To what extent did the NLU model actually succeed and what factors were responsible for its failure are pertinent questions. Former Chief Justice of India Ranjan Gogoi raised the issue when he addressed the annual convocation at NLU, Delhi, in August 2019. He spoke of how the purpose of law schools was to produce lawyers who would serve the country as leaders of the Bar, adjudicators on the bench, and educators. He underlined the importance of lawyers in moulding the law. He called for introspection to understand why a law graduate’s natural choice was not litigation and how the five-year law school model had not brought about the expected transformation.
Higher education costs also impact career choices of graduates. Greater debt and drained savings put pressure on students to start earning immediately, affect their choice of specialisation, forcing them to forego their actual interests and let go of further opportunities. They have to settle for lower-paying, lower-skill jobs just so they can start paying their bills right away. A number of these young graduates have to sign up for corporate jobs because of this lack of real choice, as the latest statistics show (see table).
This is not to look down on those opting for corporate jobs, but to question whether they had an actual choice of opting for something else. Students bearing mounting financial burdens are deprived of real choice and are forced to opt for what the market incentivises rather than what society requires or what they themselves dreamt of.
For instance, taking up litigation and joining an advocate’s chambers is thought to provide more hands-on experience and skills than a firm job can. Indeed, many luminaries of the Bar frequently reminisce about working under legendary advocates without pay in their starting years. They were the lucky few who had the wealth to take care of their subsistence during this training period in their early years. Yet, these limited positions are characterised by poor pay (Rs.20-30,000 a month) and are thus beyond the reach of the average graduate under pressure to pay off his/her student debt. There are even fewer takers for policy think tanks, the judiciary and the civil services because of similar reasons.
The way ahead
It is important in this context to emphasise the aim of establishing the National Law Schools. As the NLSIU Act of 1986 stated, the aim was to “to develop in the student and research scholar a sense of responsibility to serve society” so that he or she would actively participate in social engineering, transformative research and policymaking, and to promote permeation of law and justice in society. Rising costs have had an adverse impact on the class composition of the student populace and even its career choices, imposing an immeasurable cost on society itself.

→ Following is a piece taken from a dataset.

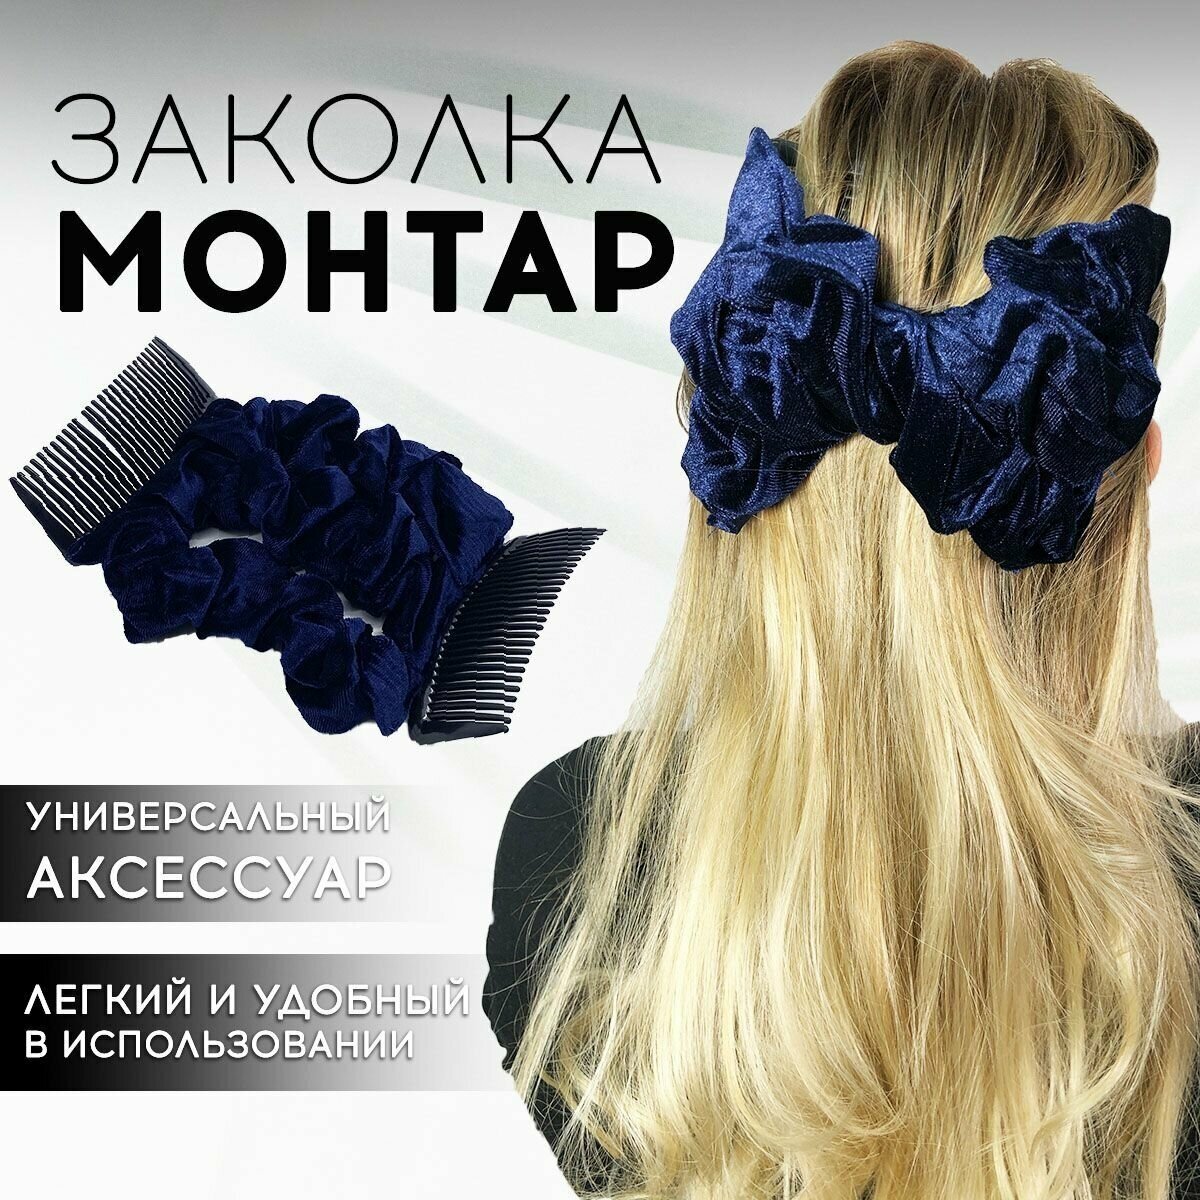 Заколка для волос бархатная "Монтар" синяя/ заколка-гребень / зажим для волос / гребень-монтара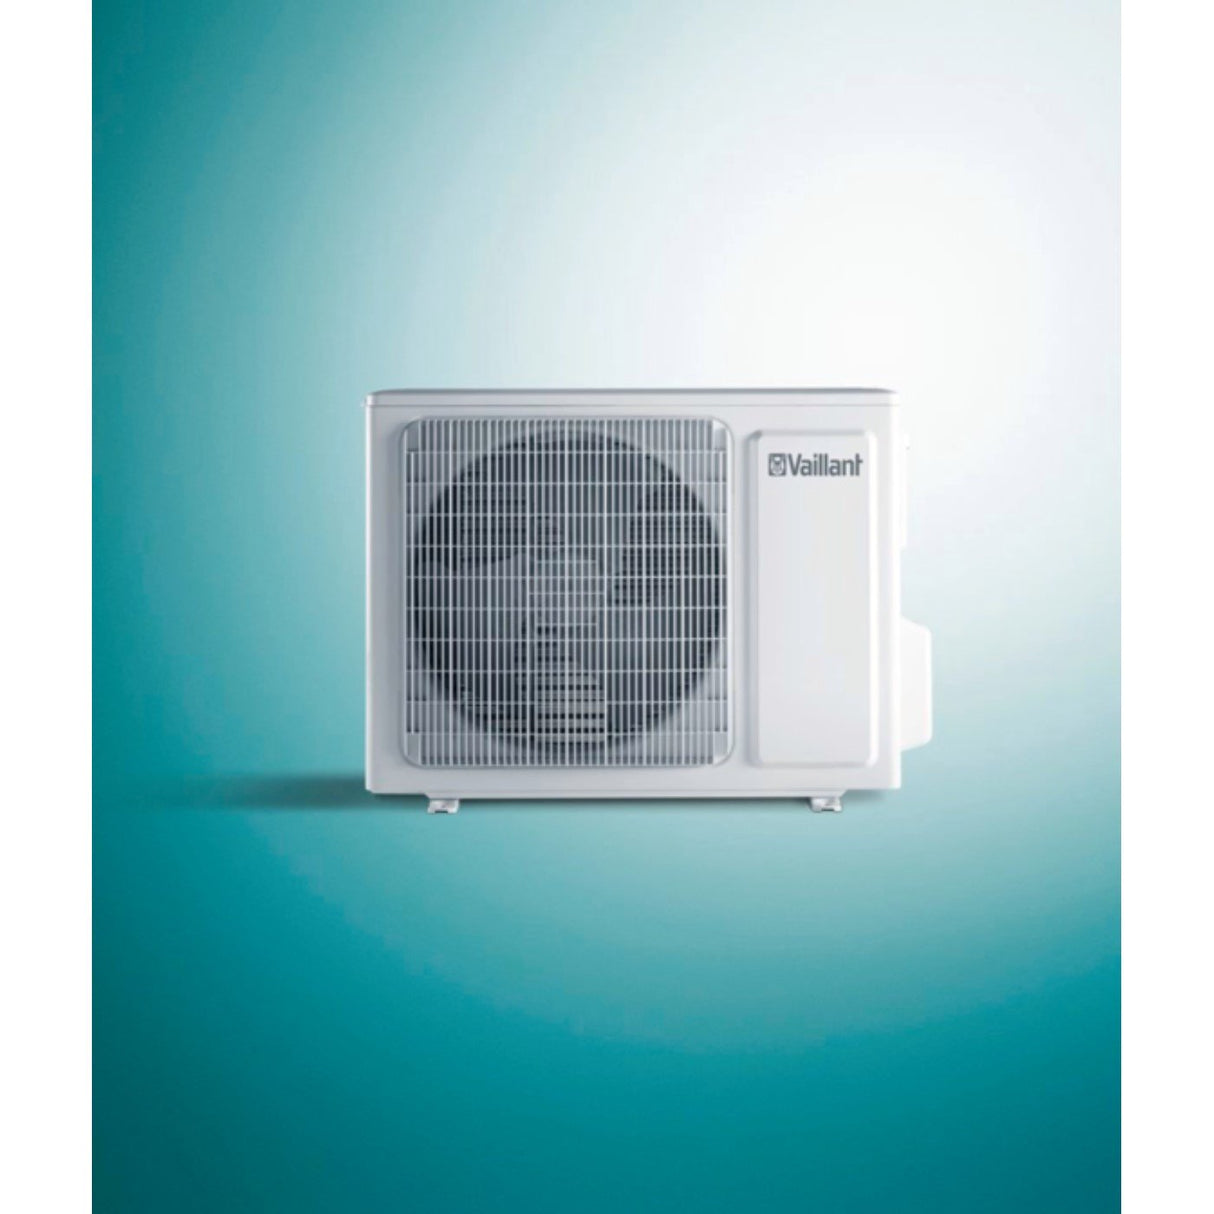 immagine-5-vaillant-climatizzatore-condizionatore-vaillant-inverter-climavair-vai-8-plus-18000-btu-vai-8-050wn-r-32-classe-a

If the rising cost of legal education goes unchecked, it will have dangerous implications for the future. The fallout would be these institutions becoming ivory towers with students from poorer backgrounds being forced into debt traps or dropping out. This issue should figure in the priorities of anyone who professes support for education and justice.
Government intervention to support NLUs, increase scholarship grants and roll back fees is the need of the hour. Instead of only finding fault with NLUs and their beleaguered students, eminent members of the Bar and the bench should also recognise their responsibility to provide real support to such initiatives. They wield great lobbying power and resources to effectuate real change.
Prannv Dhawan and Devansh Kaushik are students at the National Law School of India University, Bengaluru. Dhawan leads the National Constitution Society at the university, while Kaushik is Deputy Team Leader (Karnataka Chapter) of the Increasing Diversity by Increasing Access (IDIA) organisation.